O vice-presidente dos EUA, JD Vance, deveria se reunir ainda nesta sexta-feira em Washington com o ministro das Relações Exteriores de Omã, Badr al-Busaidi, que tem mediado as negociações, de acordo com uma pessoa com conhecimento da reunião, que falou sob condição de anonimato porque o encontro é privado.
Anteriormente, al-Busaidi afirmou que houve progressos significativos na quinta-feira, embora autoridades do Irã e dos Estados Unidos não tenham anunciado novas medidas.
O ministro das Relações Exteriores do Irã, Abbas Araghchi, afirmou na quinta-feira que "o que precisa ser feito já foi claramente definido por nossa parte", sem oferecer detalhes. O Irã há muito tempo exige o alívio das pesadas sanções internacionais em troca de medidas para limitar, mas não encerrar, seu programa nuclear.
Enquanto isso, o chefe da ONU instou o Irã e os EUA a "se concentrarem na via diplomática", mesmo com o aumento das tensões e a possibilidade de um ataque americano ainda bastante concreta.
“Estamos vendo mensagens positivas vindas dos canais diplomáticos, que continuamos a incentivar”, disse o secretário-geral da ONU, António Guterres, segundo seu porta-voz, Stéphane Dujarric. “Mas também estamos vendo movimentações militares muito preocupantes em toda a região, o que é extremamente alarmante.”
Voos suspensos e pessoas são aconselhadas a deixar o país.

ARQUIVO - O embaixador dos EUA em Israel, Mike Huckabee, posa para uma foto durante uma entrevista em Jerusalém, na quarta-feira, 20 de agosto de 2025. (Foto AP/Ohad Zwigenberg, Arquivo)
Os Estados Unidos reuniram uma enorme frota de aeronaves e navios de guerra no Oriente Médio, com um porta-aviões já posicionado e outro a caminho da região.

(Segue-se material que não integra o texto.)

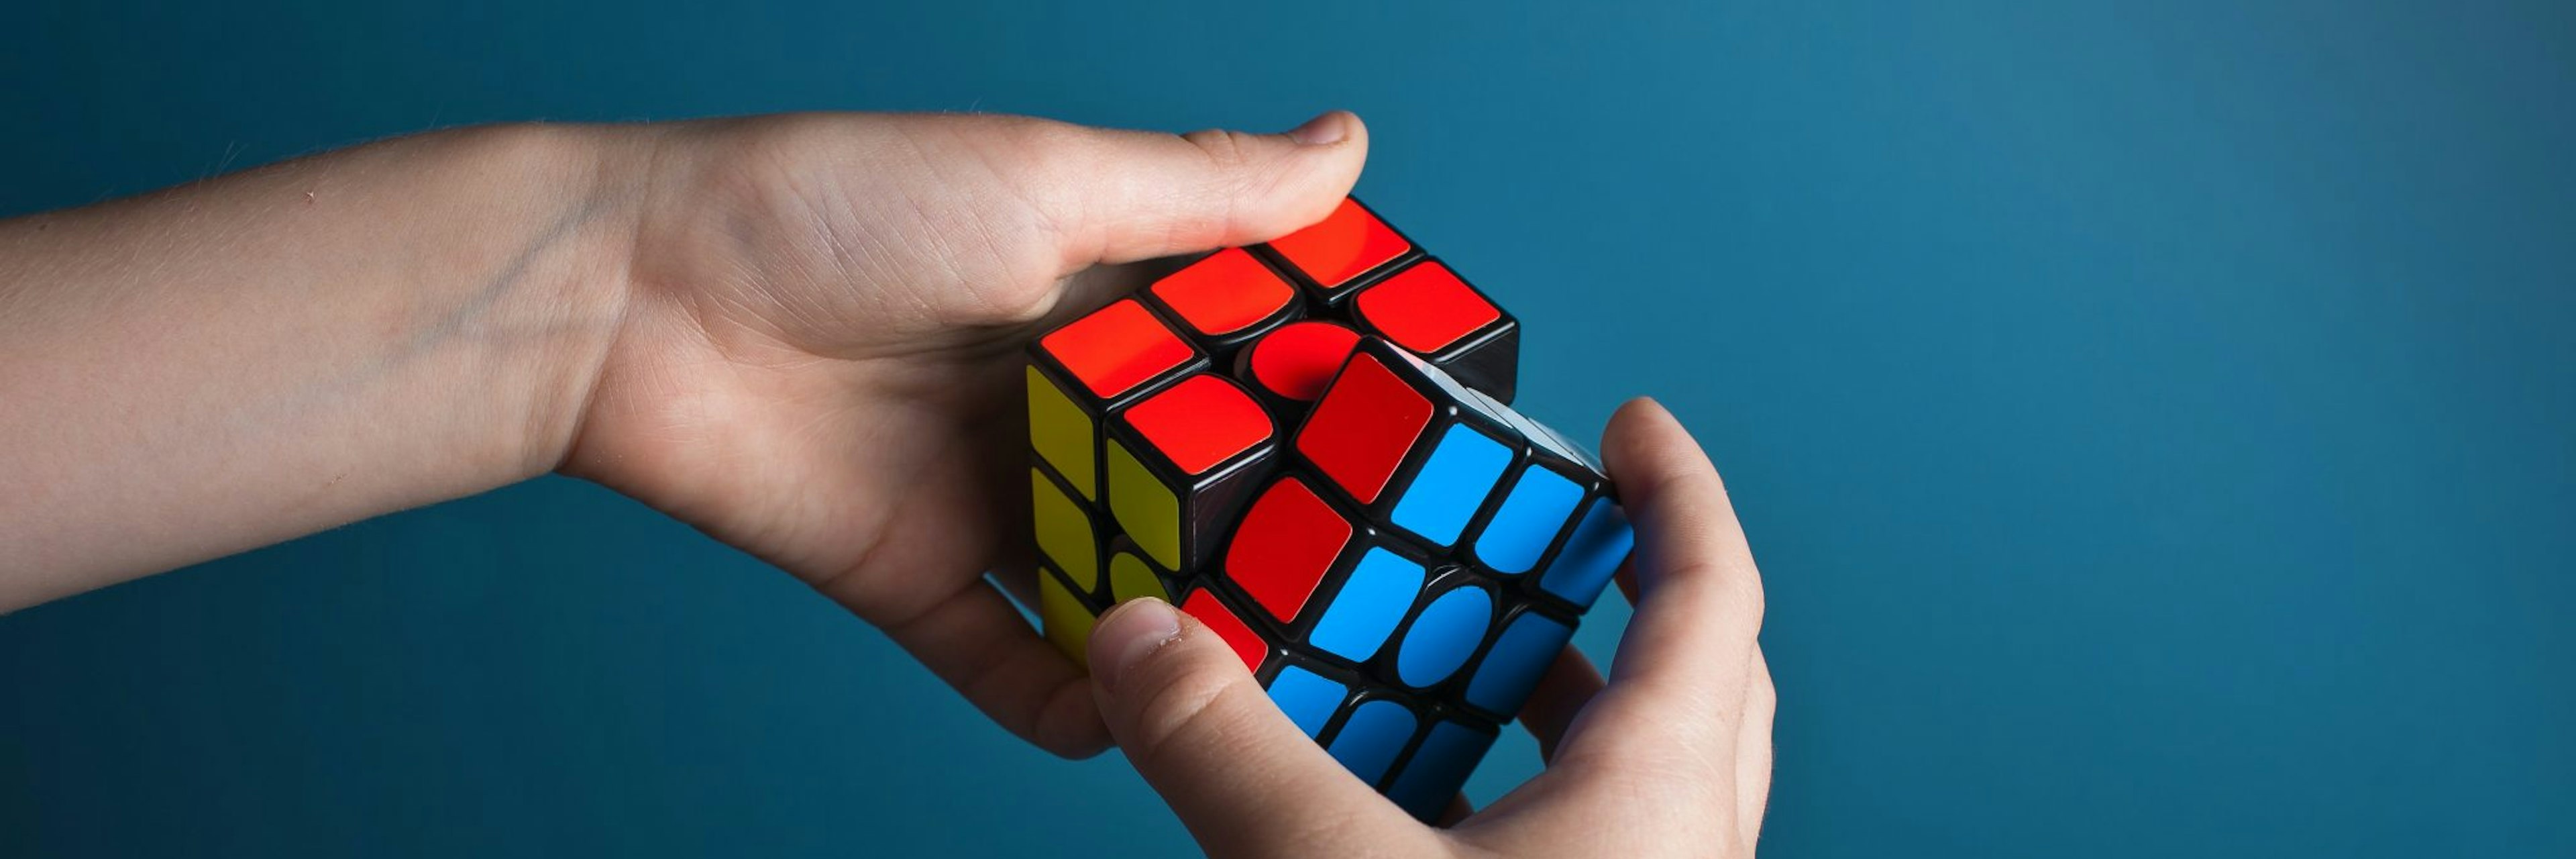 Hands doing a Rubik's cube

O Irã afirma que responderá a qualquer ataque dos EUA visando forças americanas na região, incluindo potencialmente aquelas estacionadas em bases americanas em países árabes aliados.
Companhias aéreas como a KLM, com sede na Holanda, já anunciaram planos para suspender os voos partindo do Aeroporto Internacional Ben Gurion, em Tel Aviv, e outras embaixadas também fizeram planos para autorizar partidas de Israel e países vizinhos.
O Ministério das Relações Exteriores britânico afirmou que, "devido à situação de segurança, o pessoal do Reino Unido foi temporariamente retirado do Irã". Acrescentou ainda que a embaixada está operando remotamente.
Em Israel, o Reino Unido informou na sexta-feira que transferiu parte do seu corpo diplomático e suas famílias de Tel Aviv para outro local não especificado em Israel “como medida de precaução”. Em uma atualização de suas recomendações de viagem, o Ministério das Relações Exteriores acrescentou que a embaixada do país em Tel Aviv está funcionando normalmente, mas que a situação “pode se agravar rapidamente e representa riscos significativos”.
O primeiro-ministro britânico, Keir Starmer, afirmou na quinta-feira que o Reino Unido está focado em "apoiar o processo político" entre Washington e Teerã.
Na quarta-feira, a Austrália "ordenou a saída de todos os dependentes de funcionários australianos destacados em Israel em resposta à deterioração da situação de segurança no Oriente Médio". China, Índia e vários países europeus com missões diplomáticas no Irã aconselharam seus cidadãos a evitar viagens ao país.
Segundo um comunicado divulgado pela mídia estatal chinesa, o Ministério das Relações Exteriores da China também aconselhou seus cidadãos que já estavam no Irã a deixarem o país.